We were instrumental in drafting and passing the landmark Violence Against Women Act (VAWA) in 1994 and continue to take a leadership role in its periodic reauthorizations. With each reauthorization, we expand our understanding of survivors’ needs and seek to provide expanded protections and services for all victims of gender-based violence.  We remain at the forefront of advocacy efforts to ensure that VAWA continues to be reauthorized in a manner that reflects the true needs of survivors and their advocates. 

Litigation

Victims of gender-based violence suffer discrimination and encounter many different legal issues. For some, the legal system is foreclosed due to the threat to their safety if their name were to appear in a publicly-accessible case title. We bring cases that break down barriers to survivors’ ability to work safely and obtain economic independence, that assert their right to utilize the justice system in a way that maintains their safety and supports their recovery from harms caused, and to challenge practices that subject them to discrimination because of the abuse to which they have been subjected.

View our litigation

View our amicus briefs on violence against women

Legislation

In addition to our decades of work on the Violence Against Women Act and its reauthorizations, we advance legislative solutions at the national, state, and local levels to close gaps in the law that undermine victim safety and offender accountability. We draft and support legislation that strengthens protections for gender-based violence survivors confronting discrimination in areas such as employment and housing and promotes opportunities for victims to live in stability, free from violence.

Education

We seek to advance public and professional education about violence against women through several of our programs.

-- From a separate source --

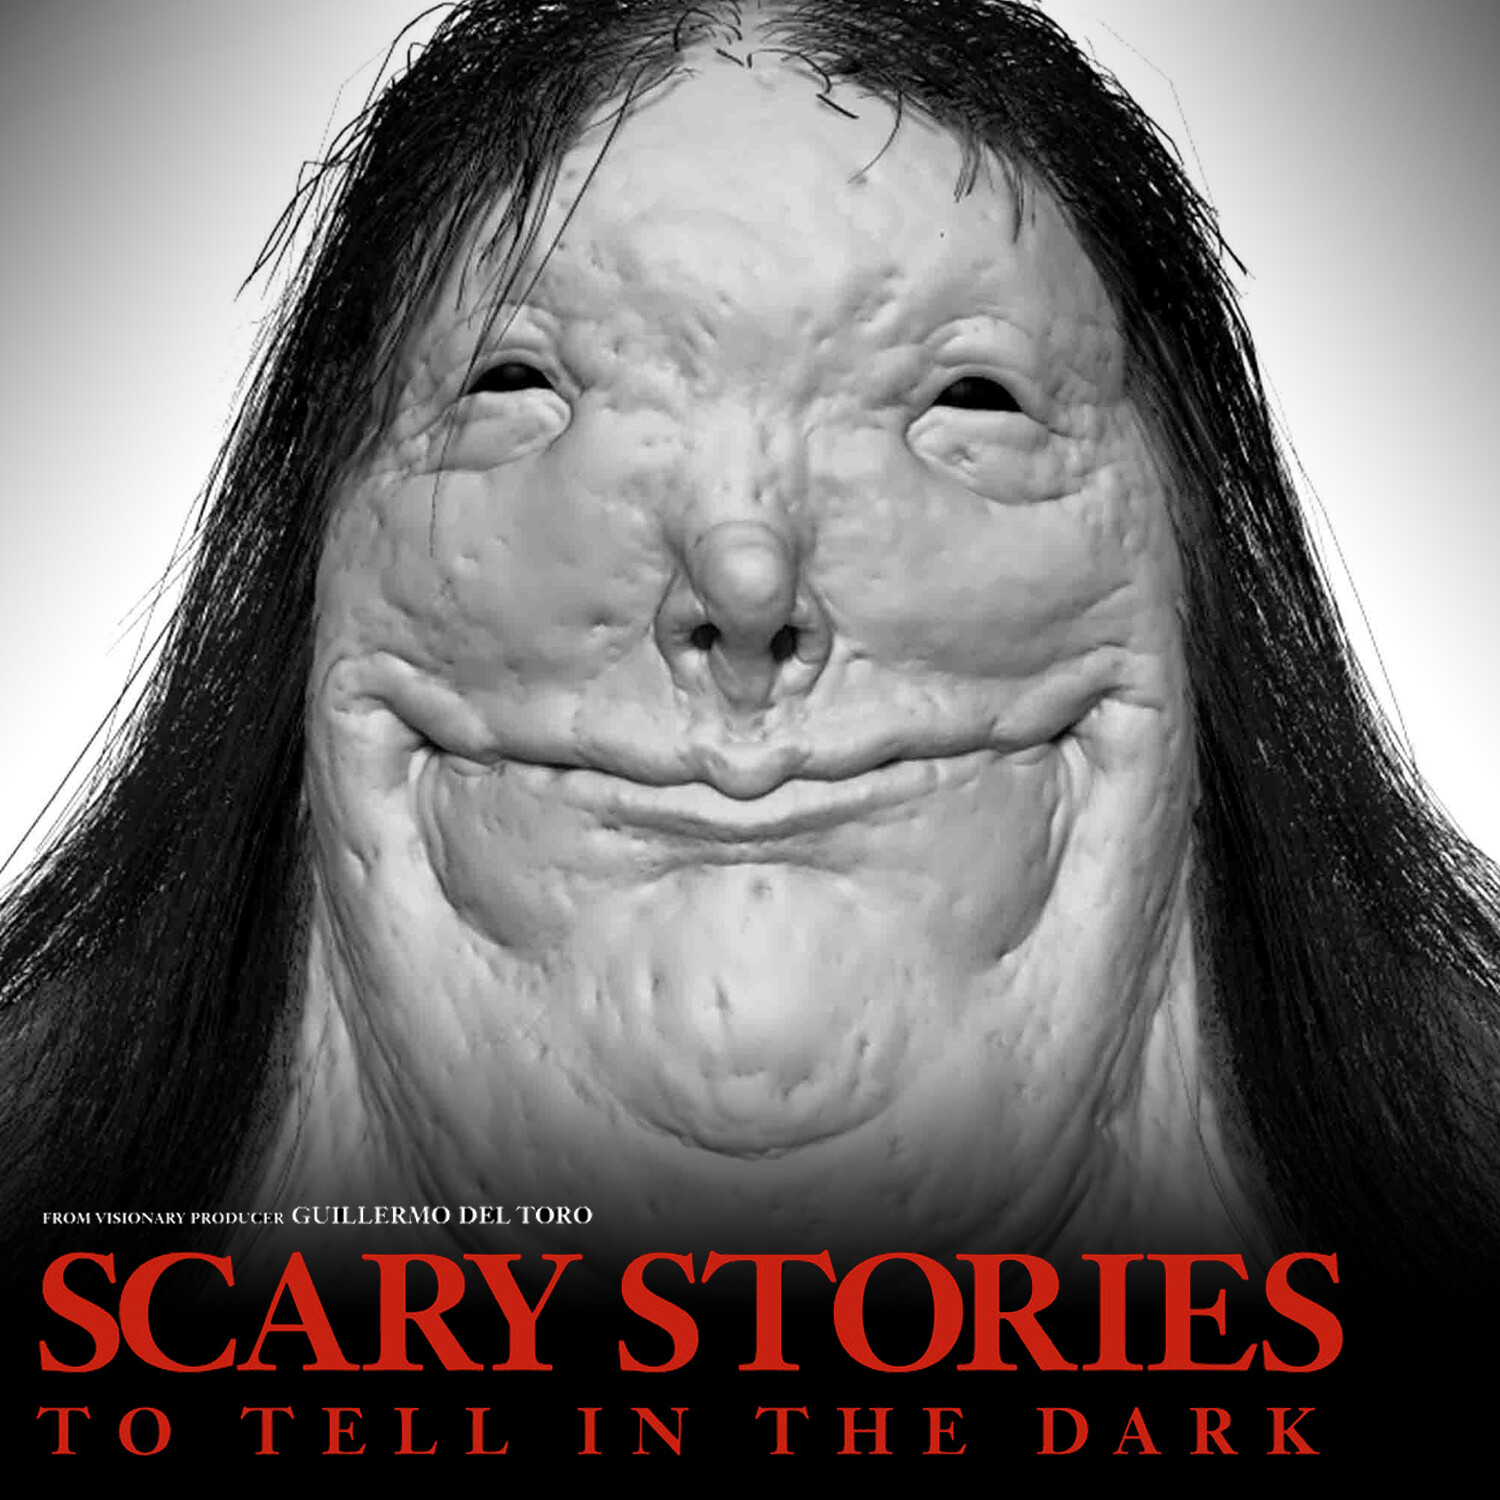 Creature from Scary Stories Book Totally Looks Like Poker Face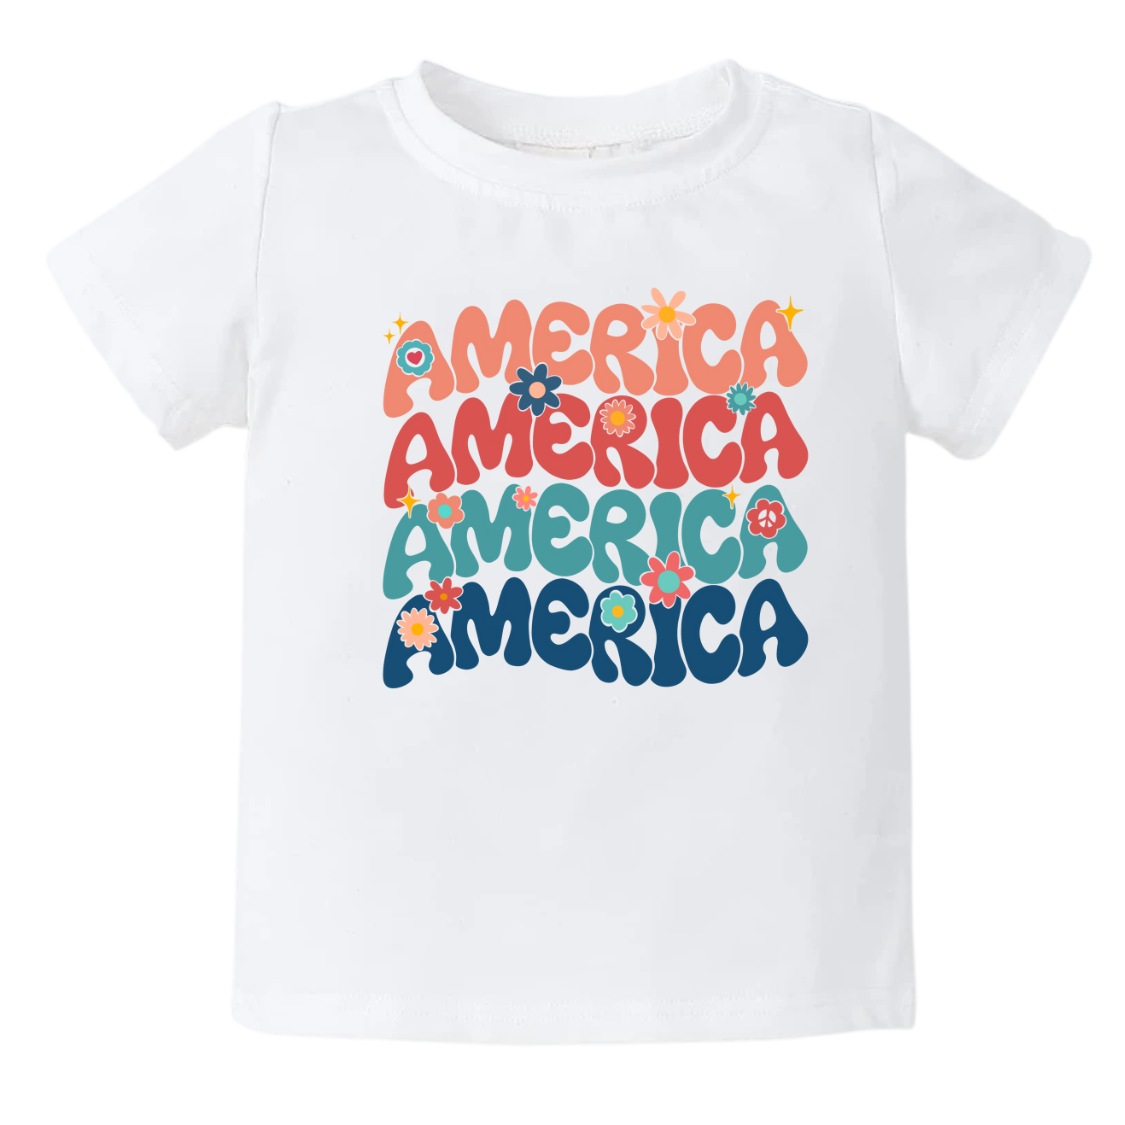 Cute Shirt Baby Onesie® America Retro Fourth of July Baby Clothing for Baby Shower

  • The National Judicial Education Program (NJEP) seeks to educate judges and court system professionals about the realities of sexual assault, domestic violence, dating violence and intimate partner sexual abuse in order to promote the fair adjudication of these cases.
  • Our Rights Now! program empowers youth to educate their peers on their rights, including rights related to Title IX, sextortion, and dating violence. 
  • Our Women Valued Initiative informs women of their legal rights in the workplace, including the rights of victims of violence.